Both are crowdsourced, blind, human-preference arenas that turn votes into Elo-style rankings — but they evaluate different things. WMArena is a World Model Arena: it ranks world-model video generation — given a starting image and an action, which model renders the next moment of the world more convincingly. Design Arena ranks AI-generated design broadly, with separate arenas for websites, images, and video creation.
Short version: for world-model / video-generation rankings framed around rendering the next world, use WMArena. For comparing AI design and creative tools across web, image, and video, use Design Arena. They are independent projects that share a method.
Design Arena (designarena.ai) is a crowdsourced benchmark for AI-generated design. It gives the same creative prompt to top models and lets people compare the results, organizing the space into separate sections — a Website Arena, an Image Arena, and a Video Arena for video creation and editing — each with its own win-rate / Elo leaderboard built from blind votes. Its center of gravity is design and creative output: which model produces the better website, image, or video for a given brief.
WMArena is a World Model Arena — a human-preference benchmark for world models, starting with the most productized category, video generation (the "renderer" type of world model in Fei-Fei Li / World Labs' functional taxonomy). You pick a starting image and an action, two anonymous image-to-video models each render the next-world clip, you vote blind, identities are revealed, and a Bradley-Terry leaderboard updates. The question isn't "which makes the nicer video" but "given a world and an action, which model renders what happens next more convincingly".

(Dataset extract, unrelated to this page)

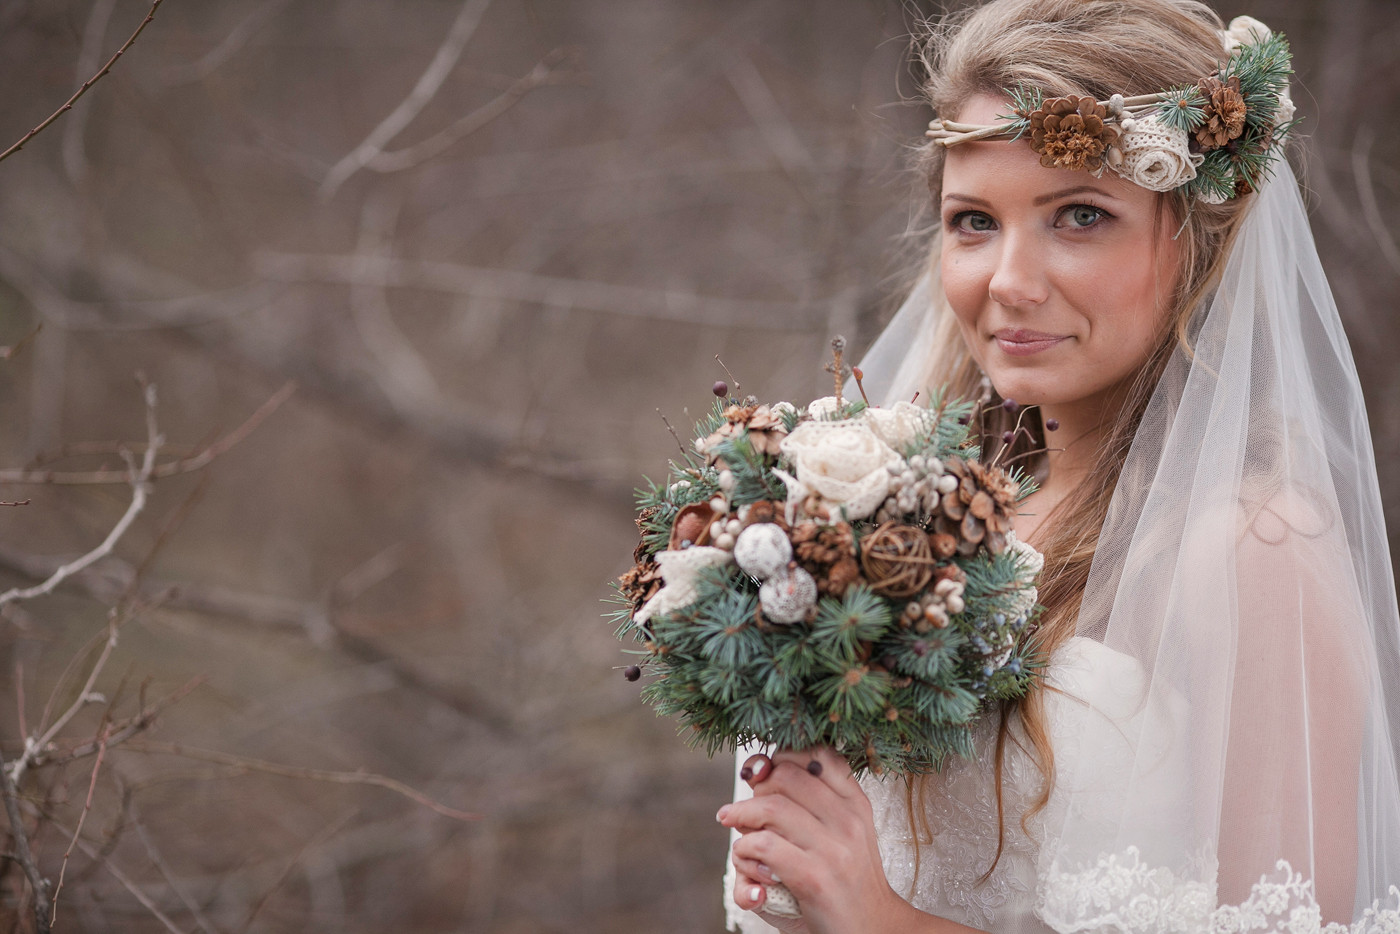 Brautstrauß Winter
 Brautstrauß im Winter – Ideen & Tipps für den Brautstrauß

| WMArena | Design Arena | |
|---|---|---|
| Frame | World models — the "renderer" category | AI-generated design & creative output |
| Primary focus | World-model video generation (image-to-video) | Design across websites, images, and video creation |
| The question | Starting image + action → which renders the next world better? | Same brief → which model designs the better output? |
| Method | Blind, pairwise, crowdsourced human preference (Bradley-Terry) | Blind, pairwise, crowdsourced human preference (Elo / win rate) |
| Video coverage | The core product — purpose-built around it | One arena (video creation/editing) among several |
| Best for | Ranking AI video / world models | Comparing AI design & creative tools |
No — they are independent, and they ask different questions. What they share is a method: blind, pairwise, human-preference ranking, which sidesteps the weakness of automated metrics by measuring perceived quality directly. The difference is the frame — Design Arena evaluates creative design output; WMArena evaluates world models, beginning with video as the renderer category and built to extend to simulators and planners as those productize.